There are dozens of things we can do in SQL that require some type of iteration. "Iteration" means "counters" and "loops" to most people and recursion to others. To those well familiar in the techniques of "Set-based" programming, it means a "Numbers" or "Tally" table, instead. I like the name "Tally" table because, well, it just sounds cooler and there's no chance of anyone mistaking what I said when I say "Tally Table". Everyone immediately knows what I'm talking about and what it's used for. If they don't, they always stop and ask.

So, with that in mind, we're going to explore what a Tally table is and how it works to replace loops. We'll start out simple and build to the classic example of "splitting" a parameter. We'll throw in the added bonus of how to normalize an entire table worth of a CSVColumn... all with no cursors, no loops, no functions, and no performance problems.

Building a Tally Table

A Tally table is nothing more than a table with a single column of very well indexed sequential numbers starting at 0 or 1 (mine start at 1) and going up to some number. The largest number in the Tally table should not be just some arbitrary choice. It should be based on what you think you'll use it for. I split VARCHAR(8000)'s with mine, so it has to be at least 8000 numbers. Since I occasionally need to generate 30 years of dates, I keep most of my production Tally tables at 11,000 or more which is more than 365.25 days times 30 years.

There are many methods to build a Tally table. Let's use one of the most obvious, a loop. Why?

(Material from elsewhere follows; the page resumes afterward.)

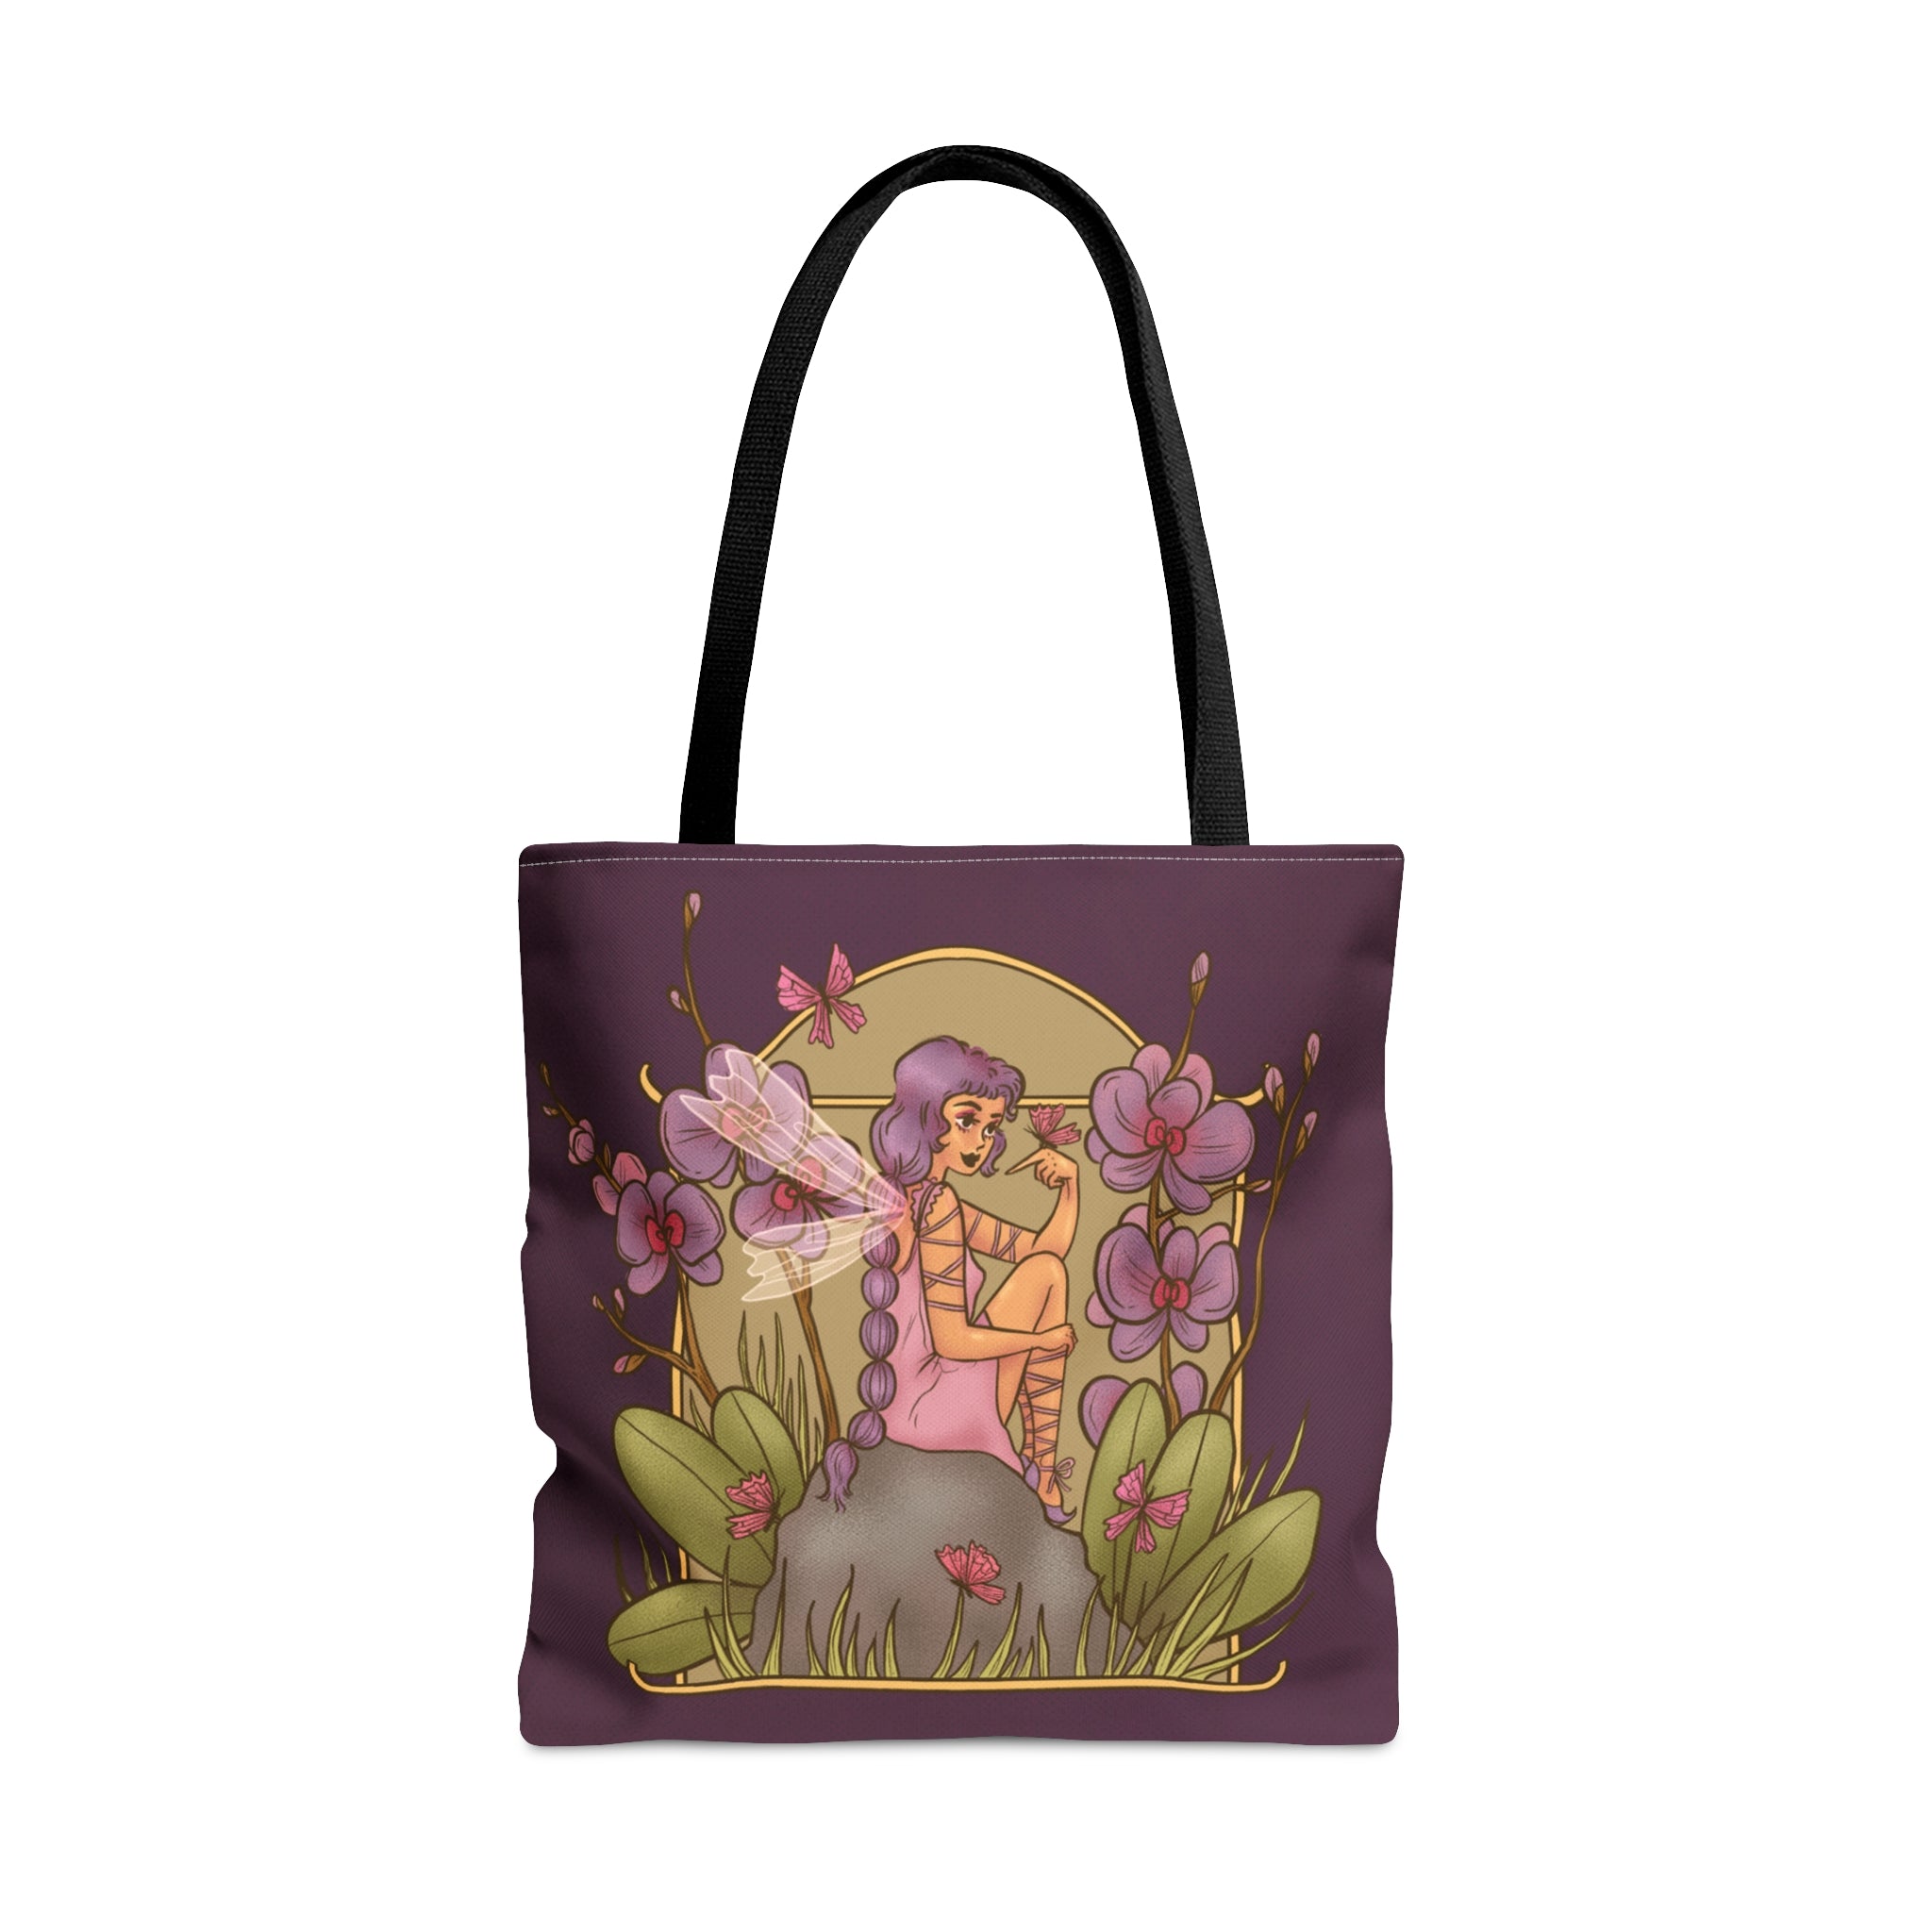 The Butterfly Fairy Tote

Because it's familiar ground for a lot of folks... trust me for a minute... I have other points to make in this article...

--=============================================================================
--      Setup
--=============================================================================
    USE TempDB     --DB that everyone has where we can cause no harm
    SET NOCOUNT ON --Supress the auto-display of rowcounts for appearance/speed
DECLARE @StartTime DATETIME    --Timer to measure total duration
    SET @StartTime = GETDATE() --Start the timer
--=============================================================================
--      Create and populate a Tally table
--=============================================================================
--===== Conditionally drop and create the table/Primary Key
     IF OBJECT_ID('dbo.Tally') IS NOT NULL 
        DROP TABLE dbo.Tally
 CREATE TABLE dbo.Tally 
        (N INT, 
         CONSTRAINT PK_Tally_N PRIMARY KEY CLUSTERED (N))
--===== Create and preset a loop counter
DECLARE @Counter INT
    SET @Counter = 1
--===== Populate the table using the loop and couner
  WHILE @Counter <= 11000
  BEGIN
         INSERT INTO dbo.Tally
                (N)
         VALUES (@Counter)
            SET @Counter = @Counter + 1
    END
--===== Display the total duration
 SELECT STR(DATEDIFF(ms,@StartTime,GETDATE())) + ' Milliseconds duration'

That will take about 750 milliseconds to generate. Like I said, there are many ways to generate a Tally table. Let me introduce you to my favorite way and then I'll explain why it's a favorite...

--=============================================================================
--      Setup
--=============================================================================
    USE TempDB     --DB that everyone has where we can cause no harm
    SET NOCOUNT ON --Supress the auto-display of rowcounts for appearance/speed
DECLARE @StartTime DATETIME    --Timer to measure total duration
    SET @StartTime = GETDATE() --Start the timer
--=============================================================================
--      Create and populate a Tally table
--=============================================================================
--===== Conditionally drop 
     IF OBJECT_ID('dbo.Tally') IS NOT NULL 
        DROP TABLE dbo.Tally
--===== Create and populate the Tally table on the fly
 SELECT TOP 11000 --equates to more than 30 years of dates
        IDENTITY(INT,1,1) AS N
   INTO dbo.Tally
   FROM Master.dbo.SysColumns sc1,
        Master.dbo.SysColumns sc2
--===== Add a Primary Key to maximize performance
  ALTER TABLE dbo.Tally
    ADD CONSTRAINT PK_Tally_N 
        PRIMARY KEY CLUSTERED (N) WITH FILLFACTOR = 100
--===== Let the public use it
  GRANT SELECT, REFERENCES ON dbo.Tally TO PUBLIC
--===== Display the total duration
 SELECT STR(DATEDIFF(ms,@StartTime,GETDATE())) + ' Milliseconds duration'

The first time you run it, it'll take about 220 milliseconds so, right up front, it beats the loop. Run it a second time and you'll find that it takes less time... anywhere from 73 to 186 milliseconds depending on what the system is doing.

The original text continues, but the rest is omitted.